About this exercise: Within the material below, locate the line with "ENERGIE : Plus" and the line with "럽스타그램 진실 밝혔다", then return those two lines and all lines between them, exactly as written.

Material provided:
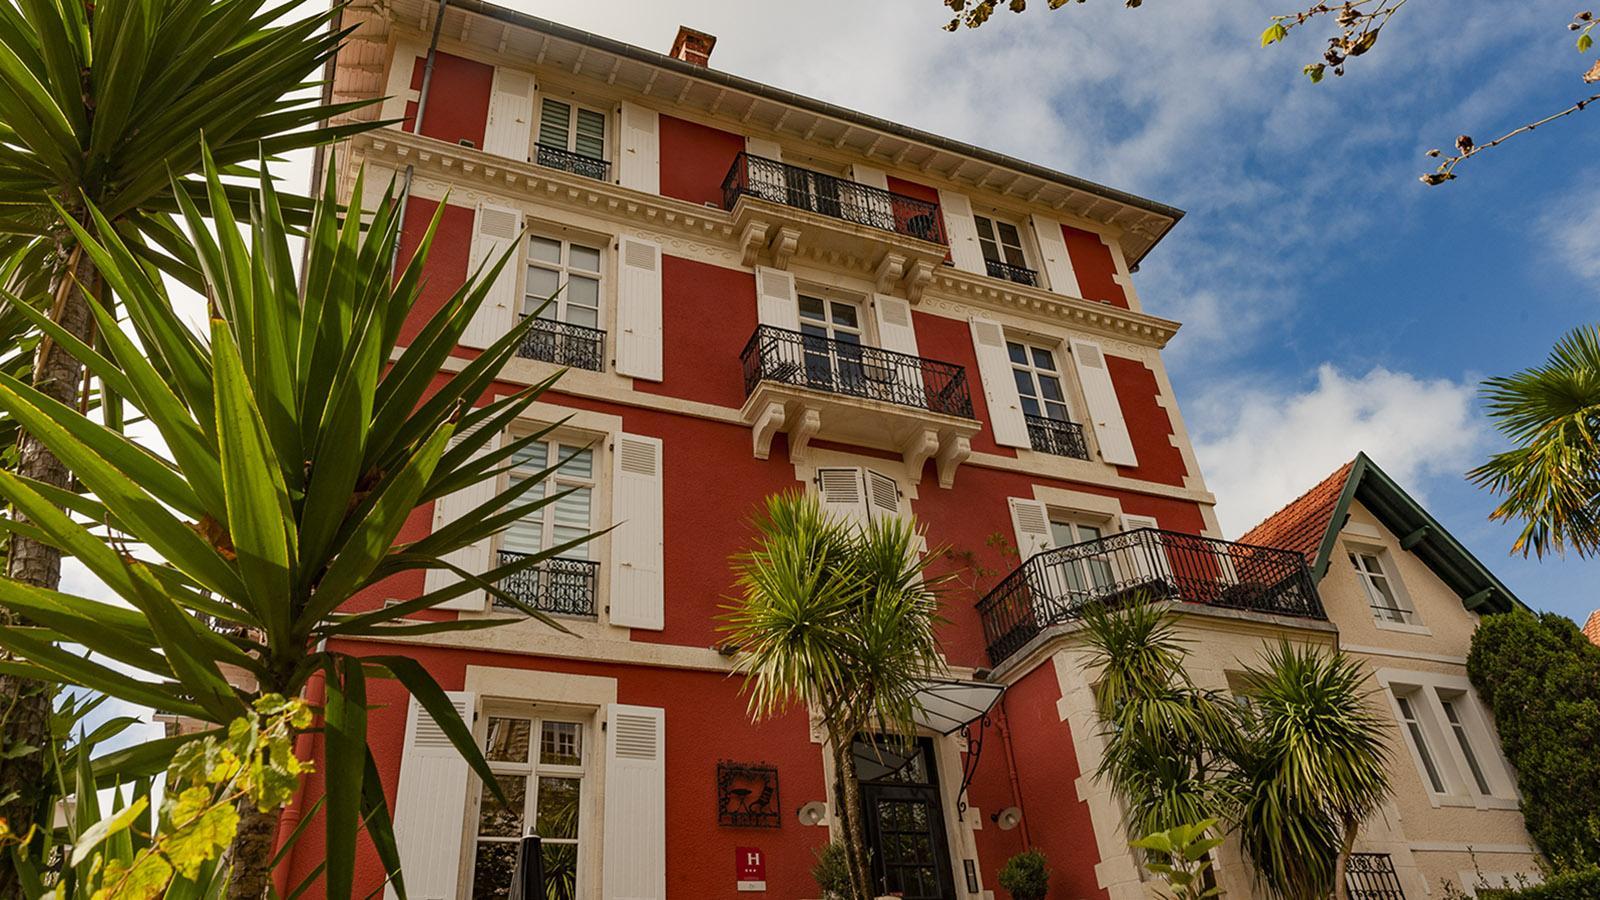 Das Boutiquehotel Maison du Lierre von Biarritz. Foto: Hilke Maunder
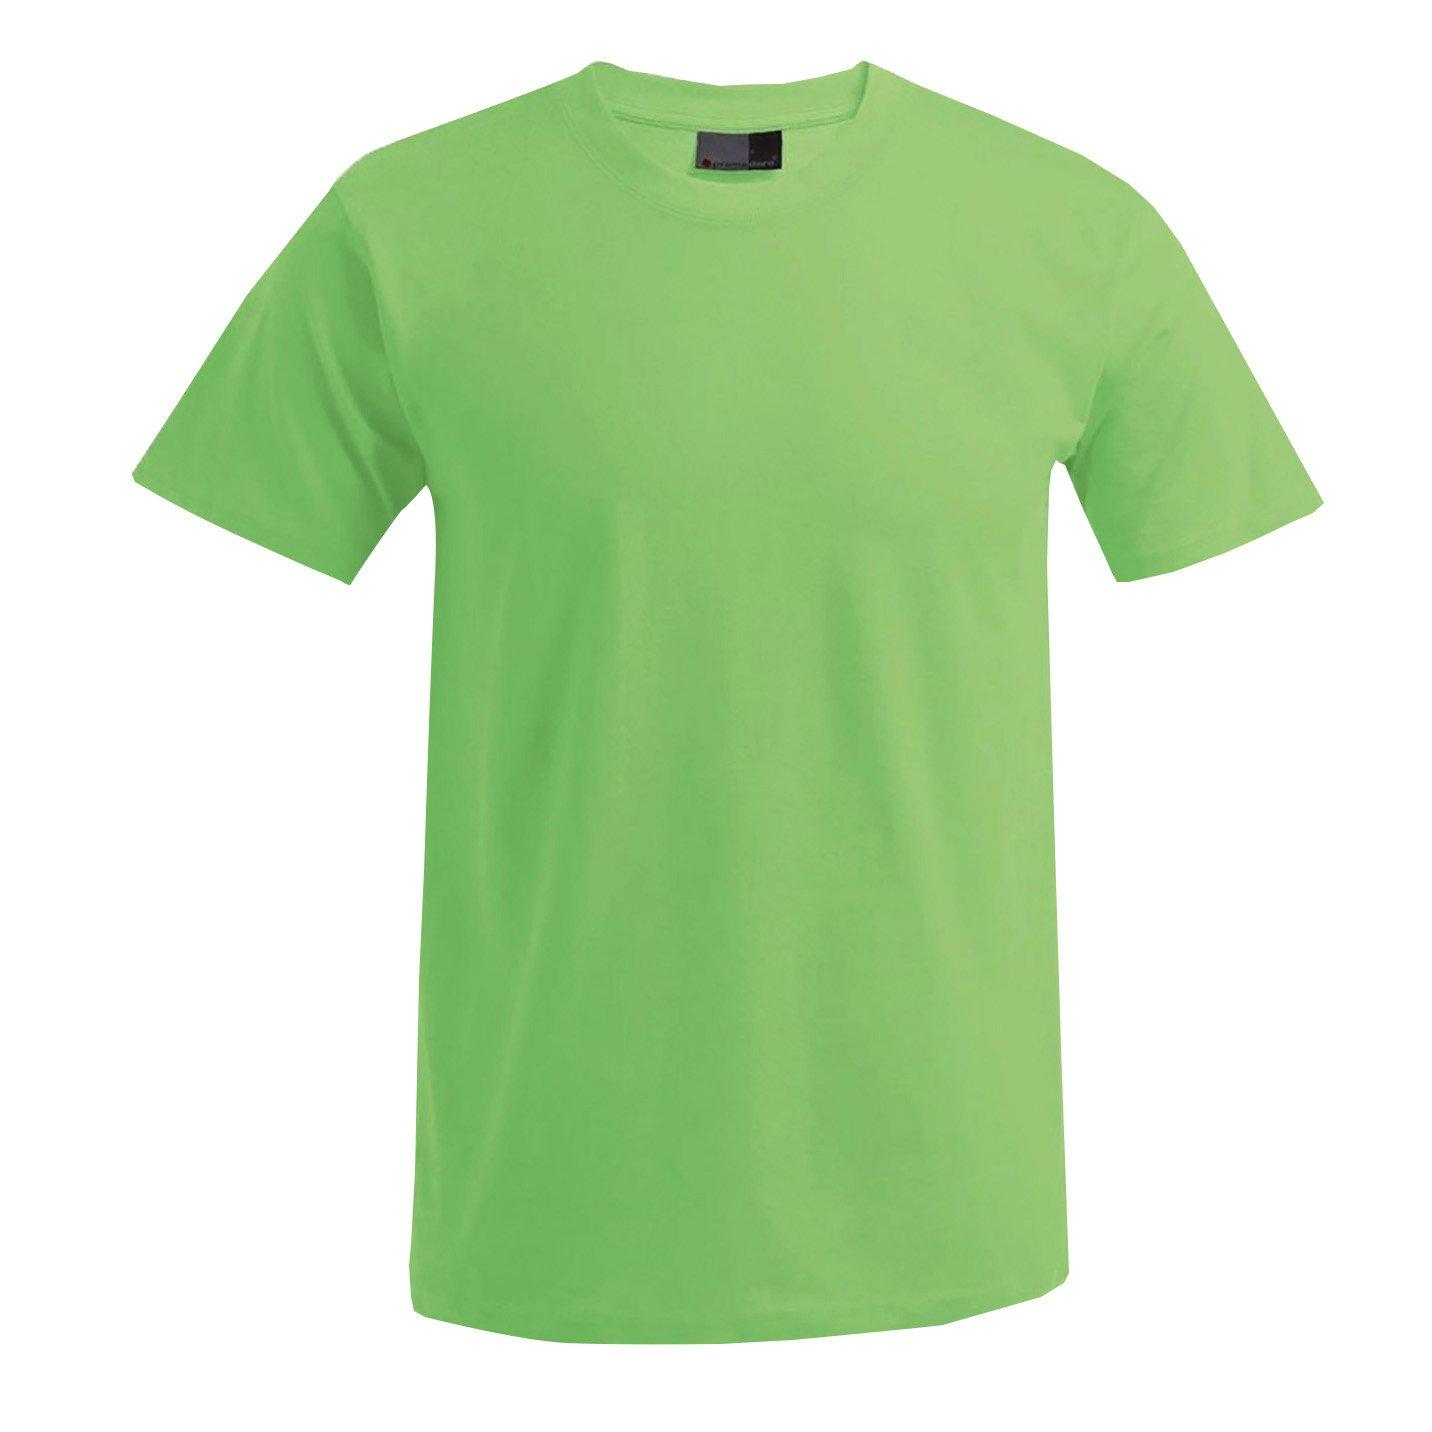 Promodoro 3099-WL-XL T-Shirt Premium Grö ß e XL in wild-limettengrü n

...

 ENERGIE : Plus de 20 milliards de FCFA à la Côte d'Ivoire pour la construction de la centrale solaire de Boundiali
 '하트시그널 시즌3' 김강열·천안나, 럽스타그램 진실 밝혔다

==

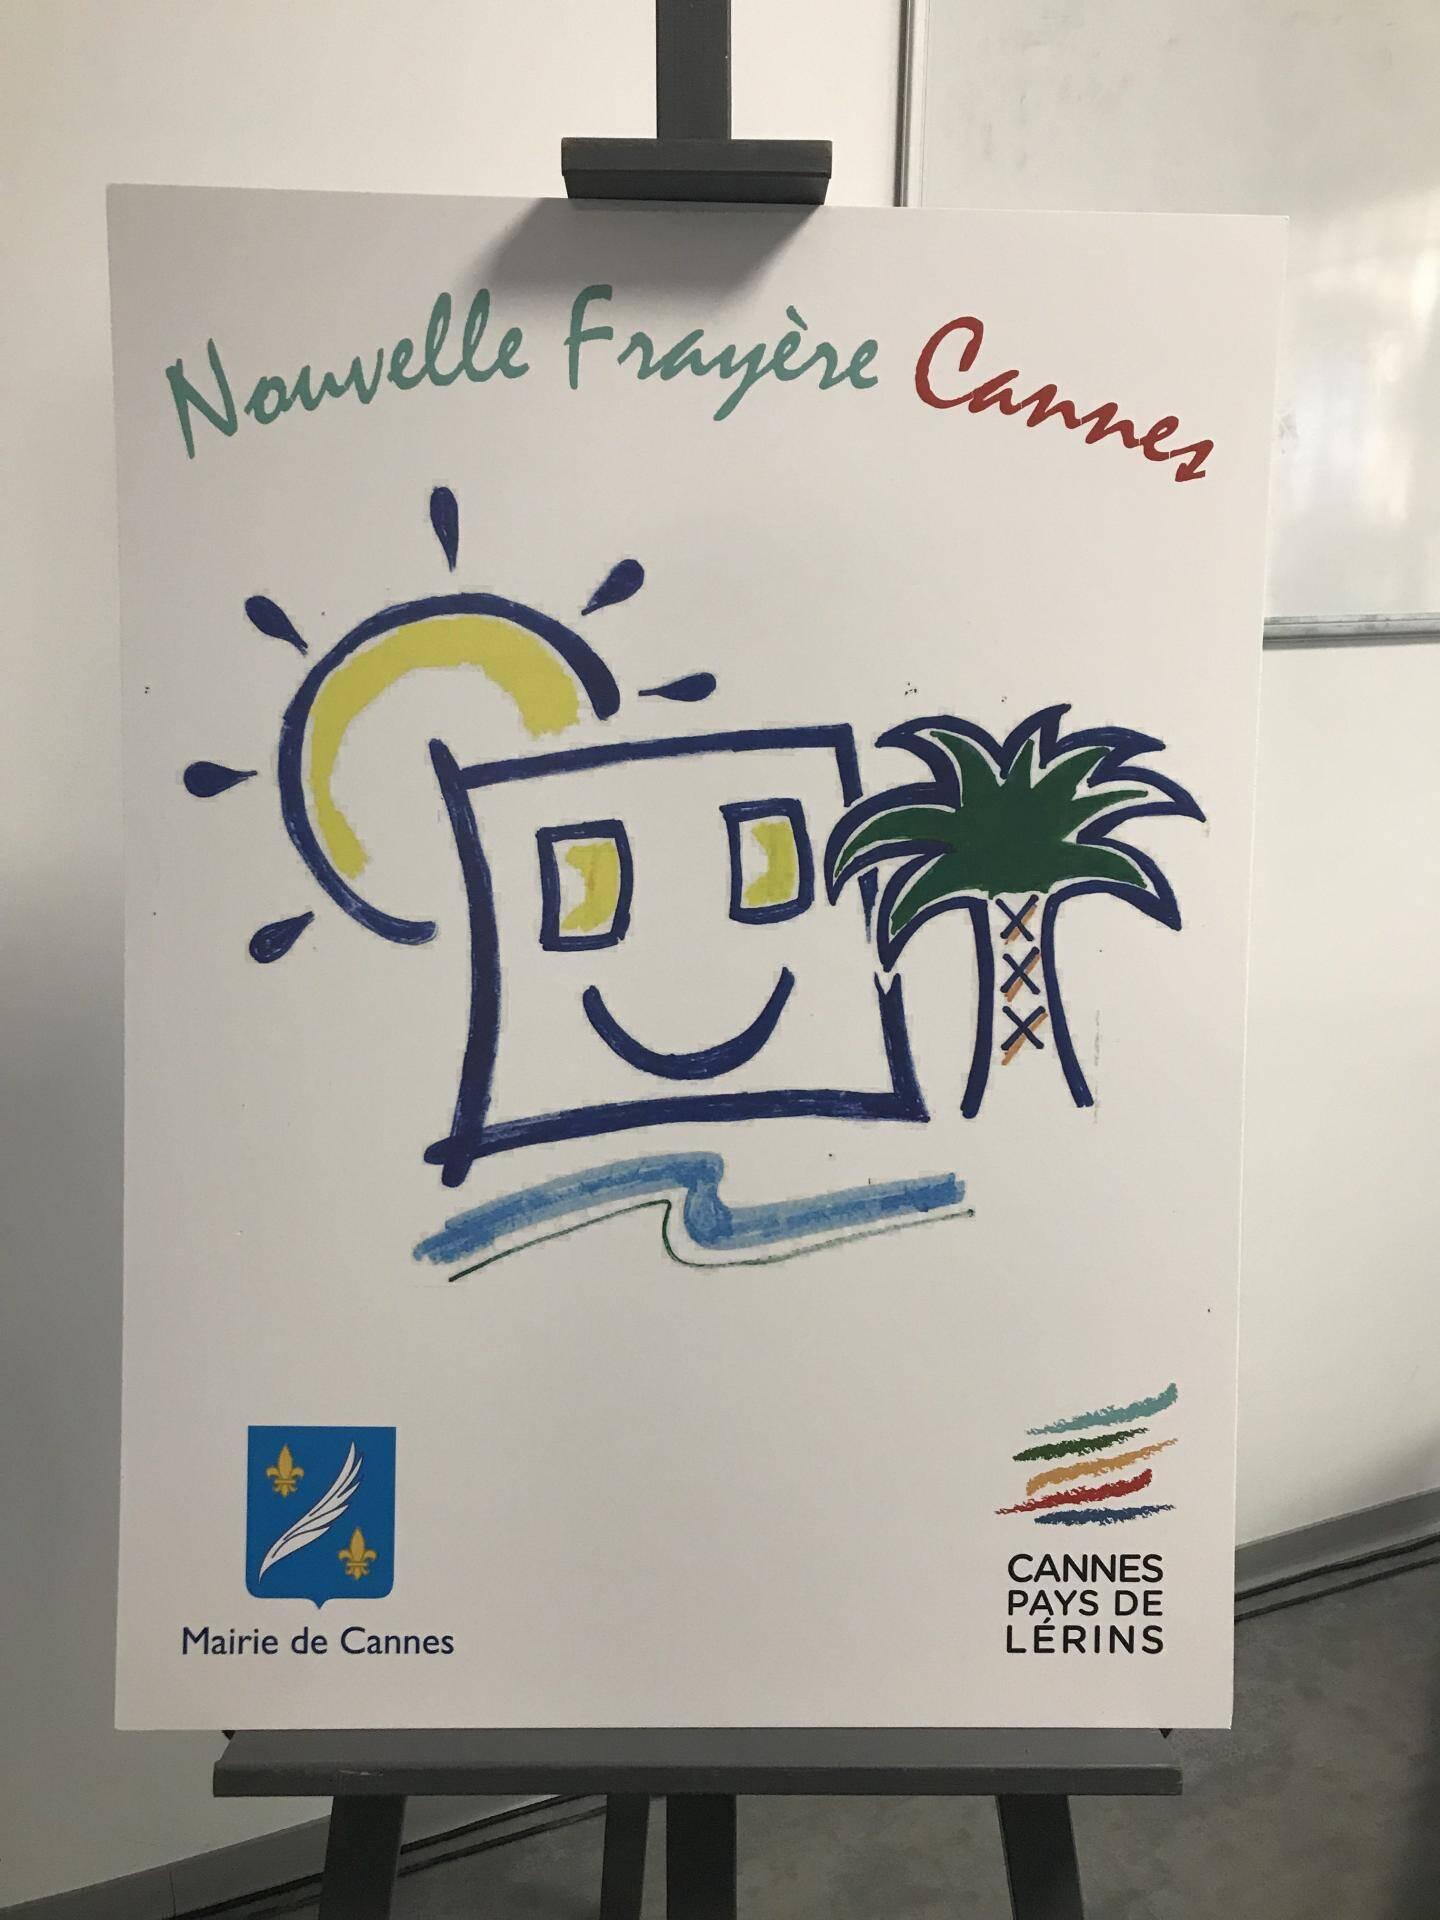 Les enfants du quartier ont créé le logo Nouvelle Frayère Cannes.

Output of the exercise:
 ENERGIE : Plus de 20 milliards de FCFA à la Côte d'Ivoire pour la construction de la centrale solaire de Boundiali
 '하트시그널 시즌3' 김강열·천안나, 럽스타그램 진실 밝혔다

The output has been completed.